Project

Background

Drug delivery systems (DDS) are technologies designed to control the pharmacokinetics of therapeutic agents in the body with the goal of enhancing therapeutic efficacy [1]. The strategies of DDS can generally be divided into three categories: (i) improving absorption through optimized administration routes, (ii) regulating drug release from formulations, and (iii) enabling selective transport to target sites [1]. Consequently, targeted carriers such as antibodies and liposomes have come to play increasingly important role.

Liposomes, first reported in 1965 as vesicles composed of phospholipid bilayers [2], immediately attracted attention as drug carriers. Since then, extensive research and development has been carried out, including remote drug loading [3–6], size control technologies [7–8], PEGylation to prolong circulation time [9–14], stimulus-responsive release systems [15–16], hybridization with nucleic acid polymers [17–18], ligand modification for targeting [19–20], and even multifunctional liposomes capable of carrying multiple drugs simultaneously [21–22]. These liposomal technologies have been applied in clinical trials not only for anticancer, antifungal, and antibiotic agents, but also for antibiotics, gene therapeutics, anesthetics, and anti-inflammatory drugs [23].

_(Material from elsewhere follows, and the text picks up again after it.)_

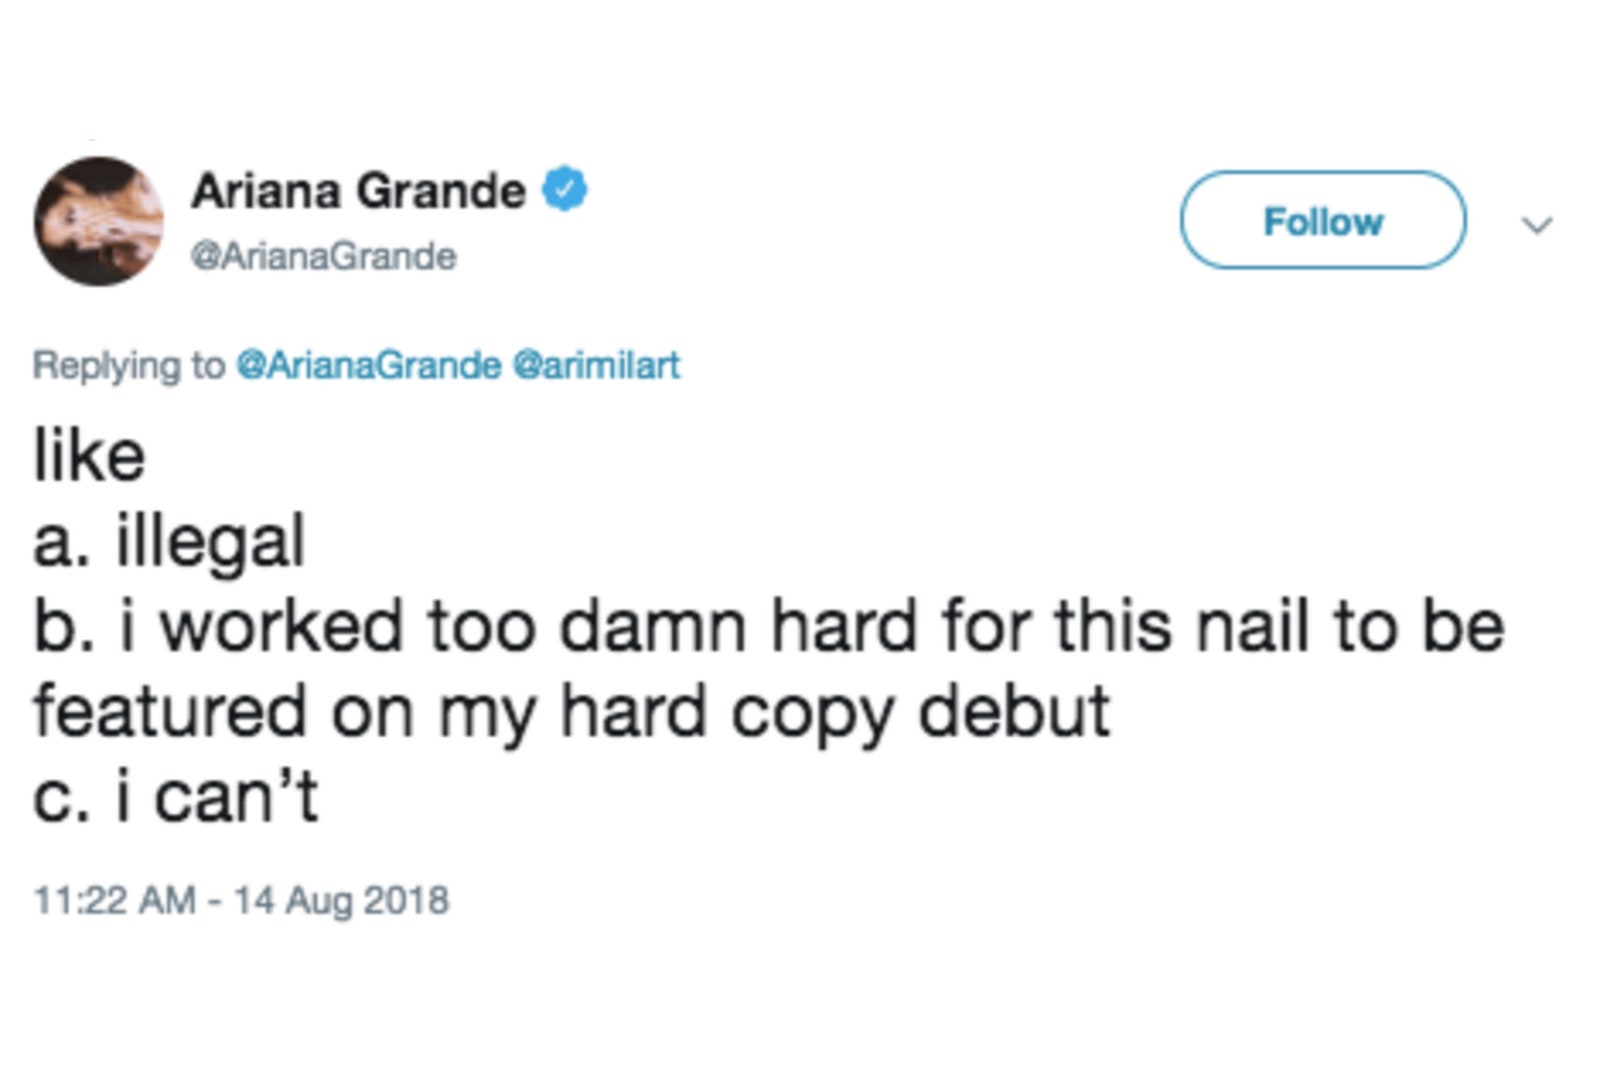 charlie winchester recommends ariana grande leaked photos pic
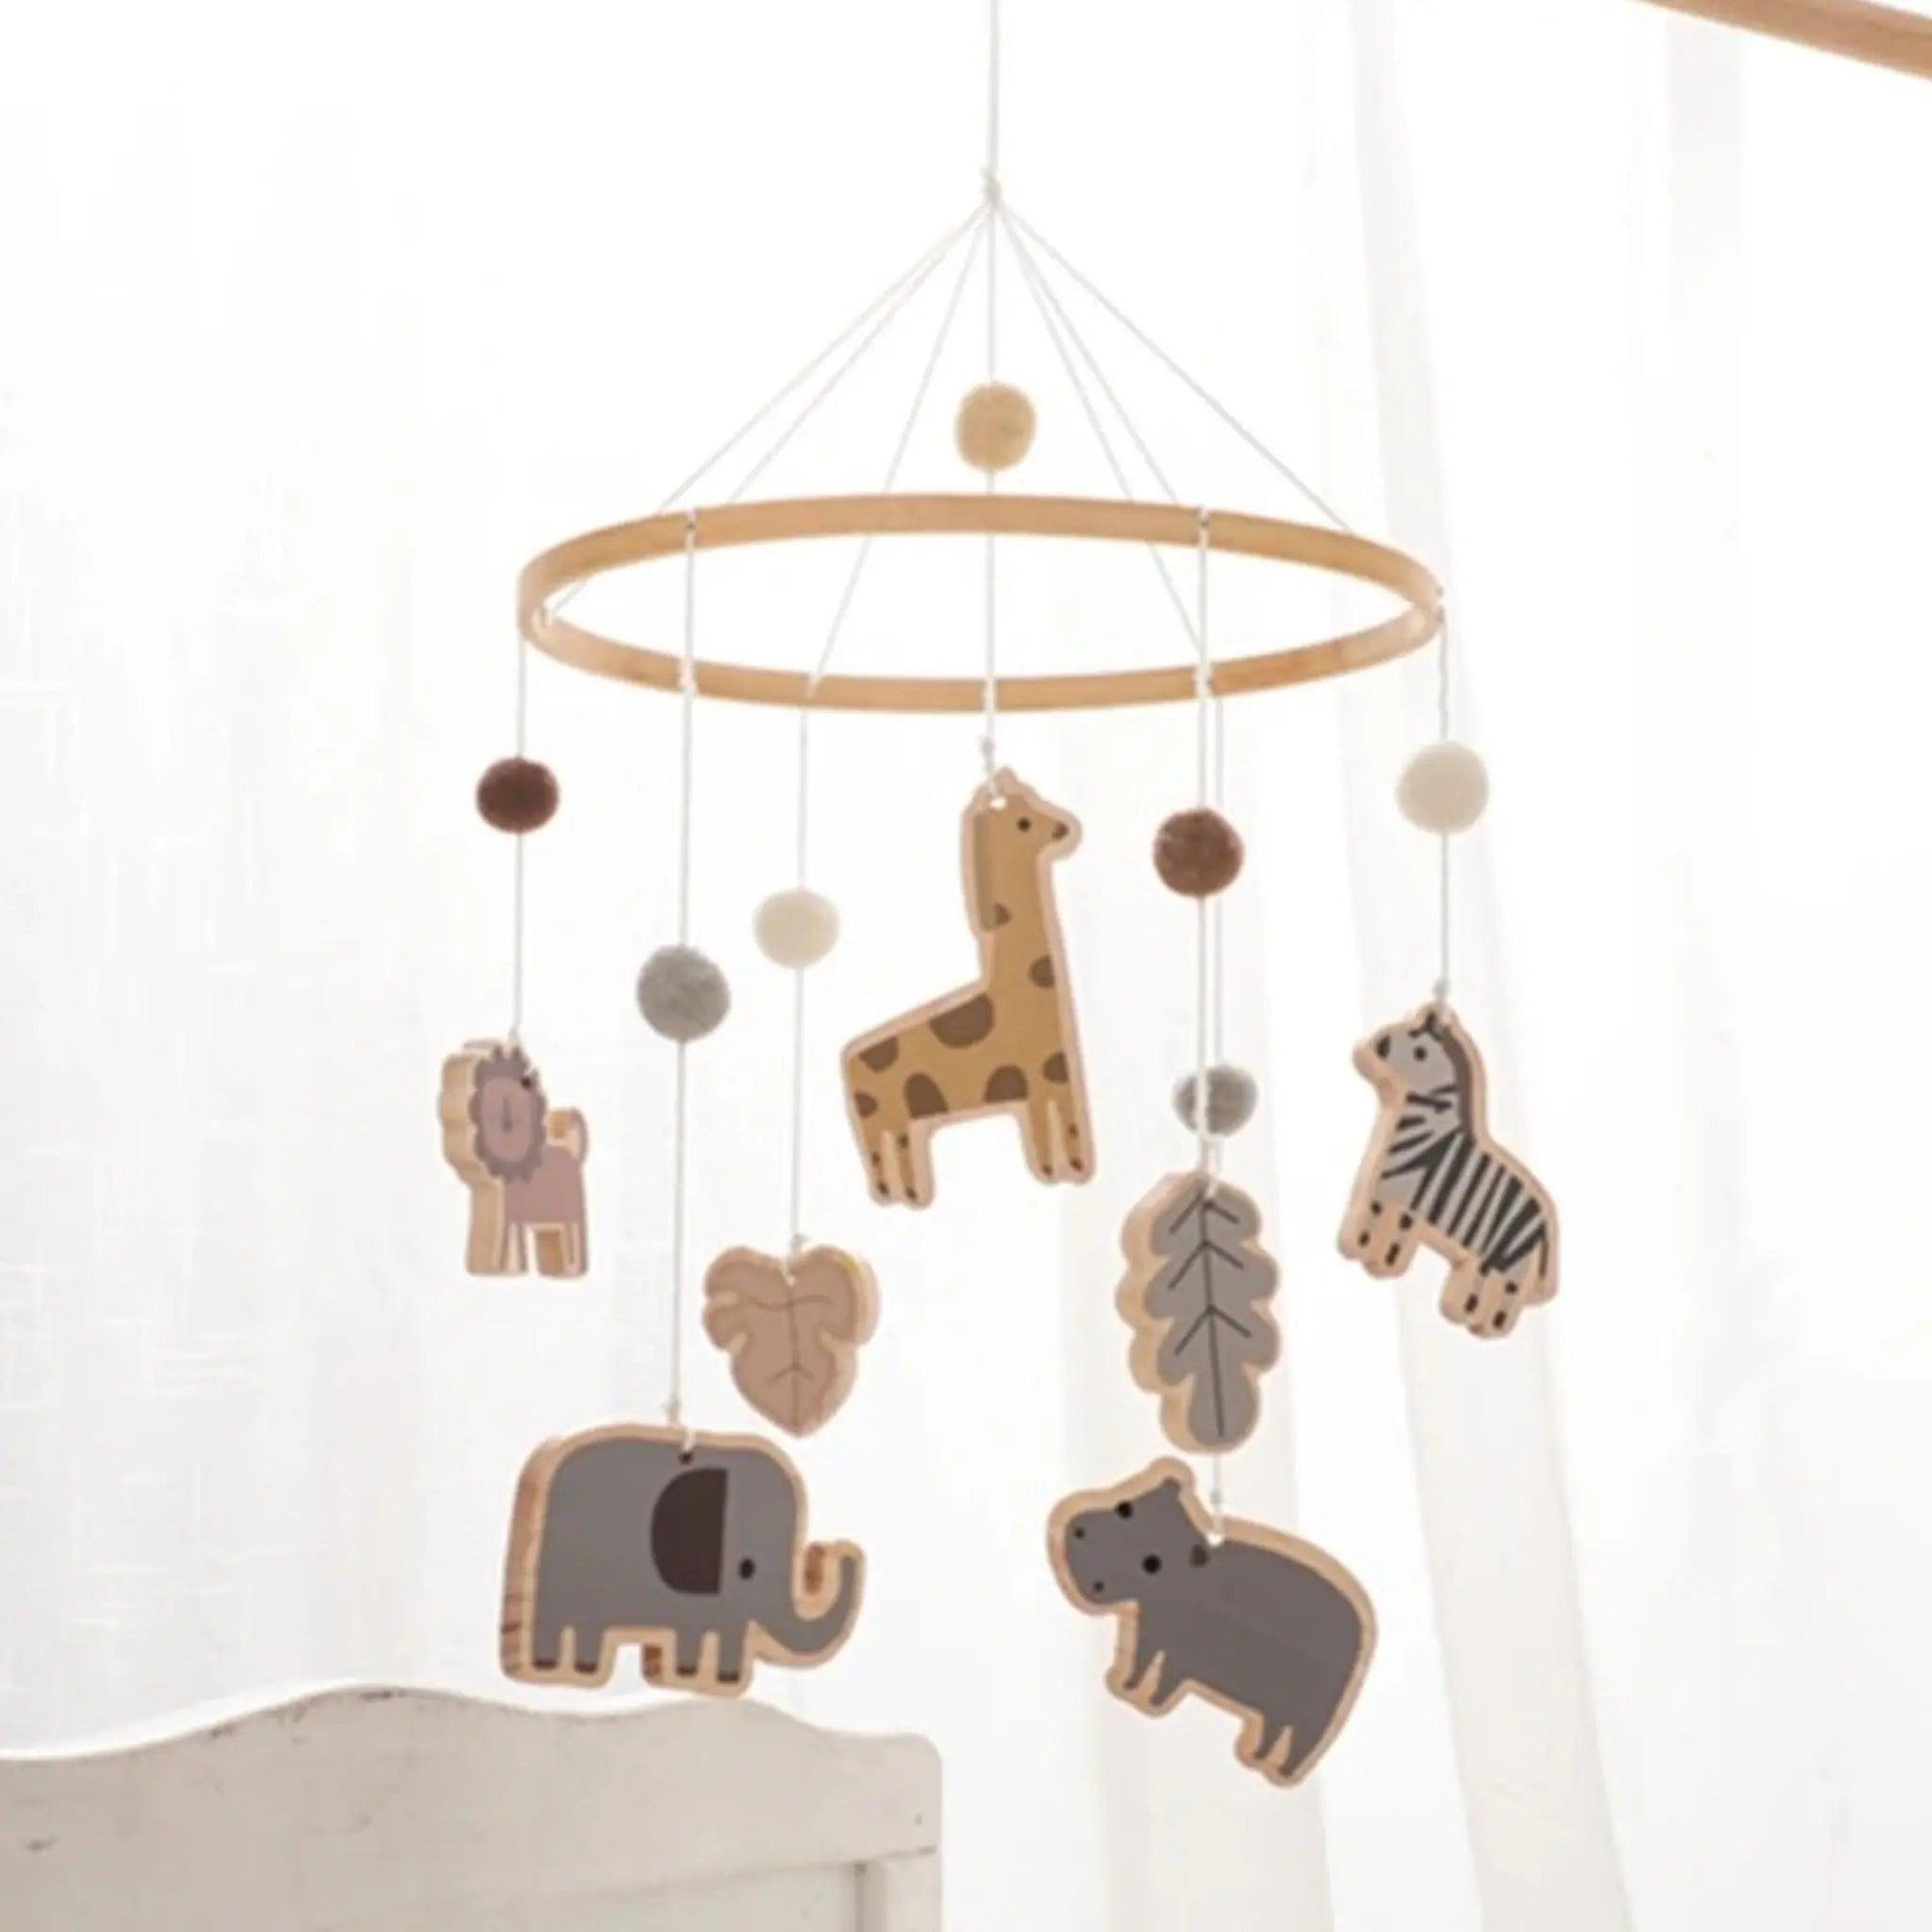 Animal Theme Wooden Crib Mobile Hanging Toy Rattles for Nursery, Color

In recent years, liposomes have also been combined with DNA origami for DDS applications. DNA origami is a technique that is folded into nanometer-scale structures with high precision by hybridization with a set of designed short “staple” strands, taking advantage of complementary base pairing [24]. By introducing hydrophobic modifications such as cholesterol, DNA origami can be anchored onto liposomal membranes and function as nanopores or stimulus-responsive meshes. Indeed, insertion of DNA origami pores into membranes has enabled size-selective molecular permeability [25] (Fig. 2A), while external stimuli or specific DNA sequences have been used to alter membrane permeability and thereby regulate drug release [26] (Fig. 2B).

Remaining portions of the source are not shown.